In an extensive empirical paper spanning eight public datasets and two different learning contexts—vanilla supervised learning and FIL—MambaTab consistently outstripped state-of-the-art baselines. For vanilla supervised learning, MambaTab provided superior or competitive performances across datasets while utilizing a fraction of the parameters required by other models. In the domain of FIL, the methodology demonstrated a seamless adaptation without the need for complex restructuring or significant parameter tuning.

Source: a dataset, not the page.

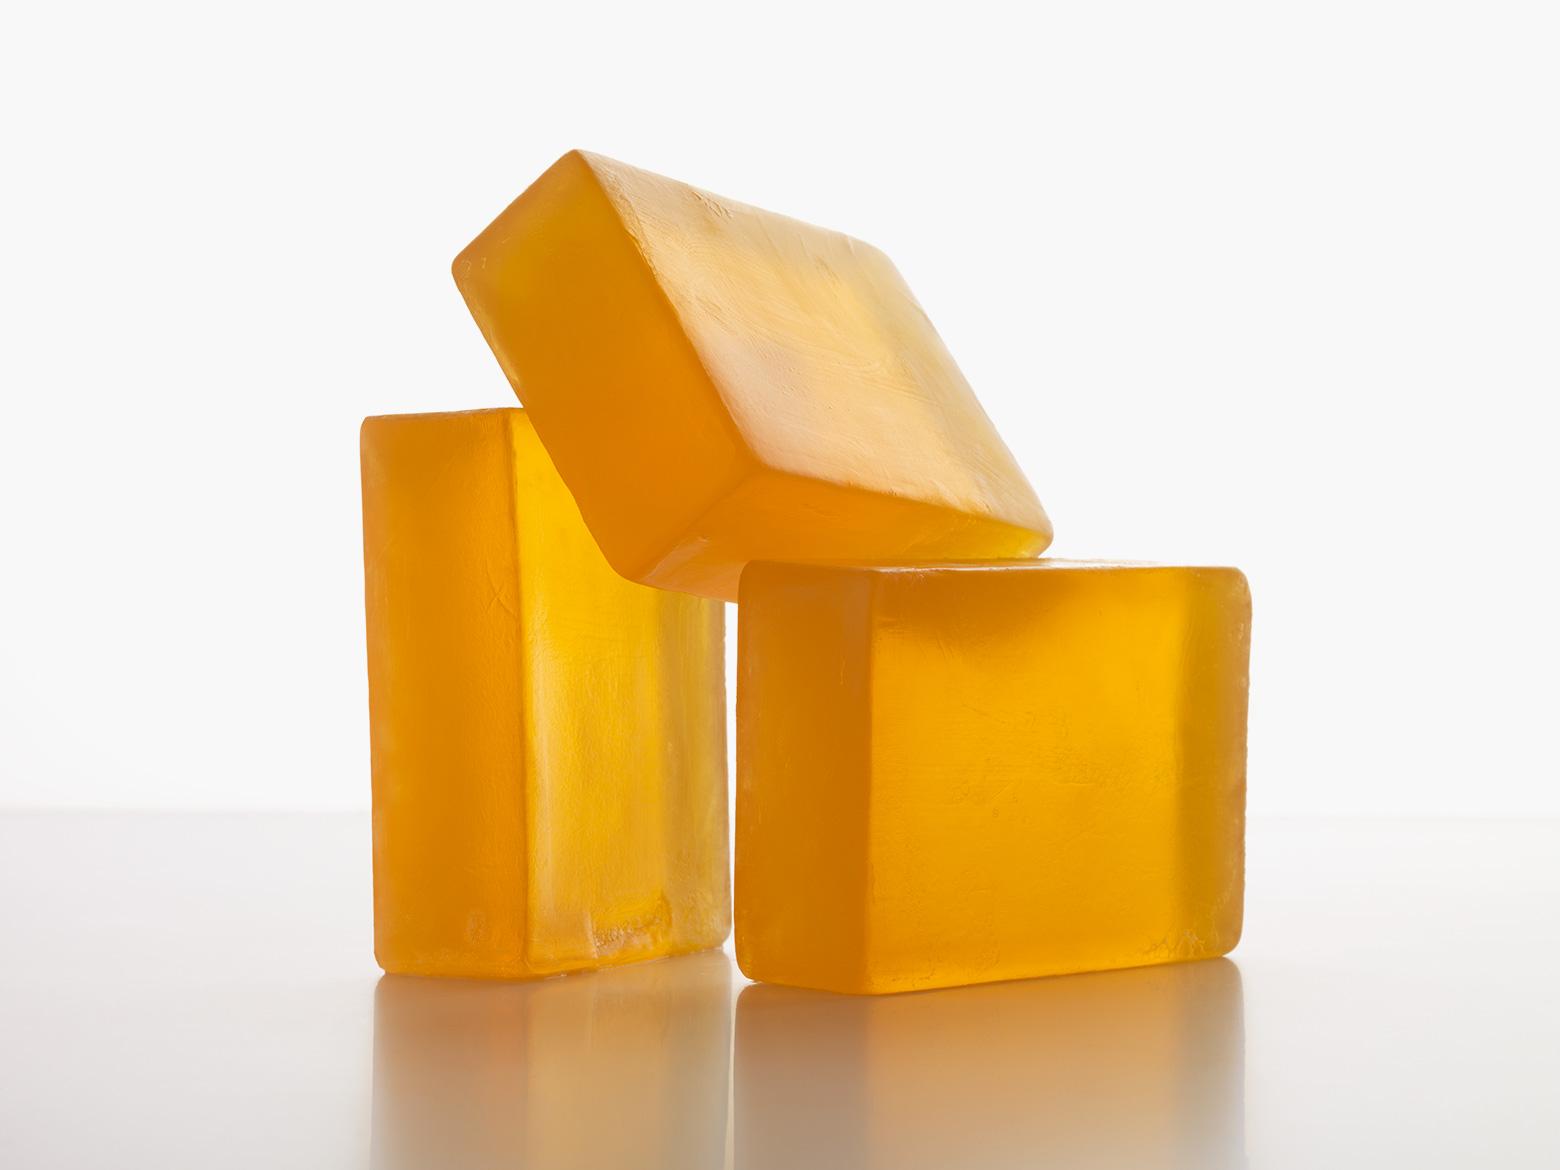 3.SP-R Thumb Soap-close-up_087.jpg

Conclusion and Future Work

MambaTab is set forth as a transformative approach for tabular data, offering not only reduced complexity but also an 'out-of-the-box' solution for environments where datasets continually evolve. Its ability to deliver across a spectrum of domains and dataset structures without the encumberment of labor-intensive preprocessing establishes it as a robust candidate for broad applications. Looking ahead, the authors aspire to extend their work into regression tasks, further broadening the scope of MambaTab's utility. Through continued refinement and extension, MambaTab offers the potential to mitigate current challenges and propel the next wave of machine learning for tabular data.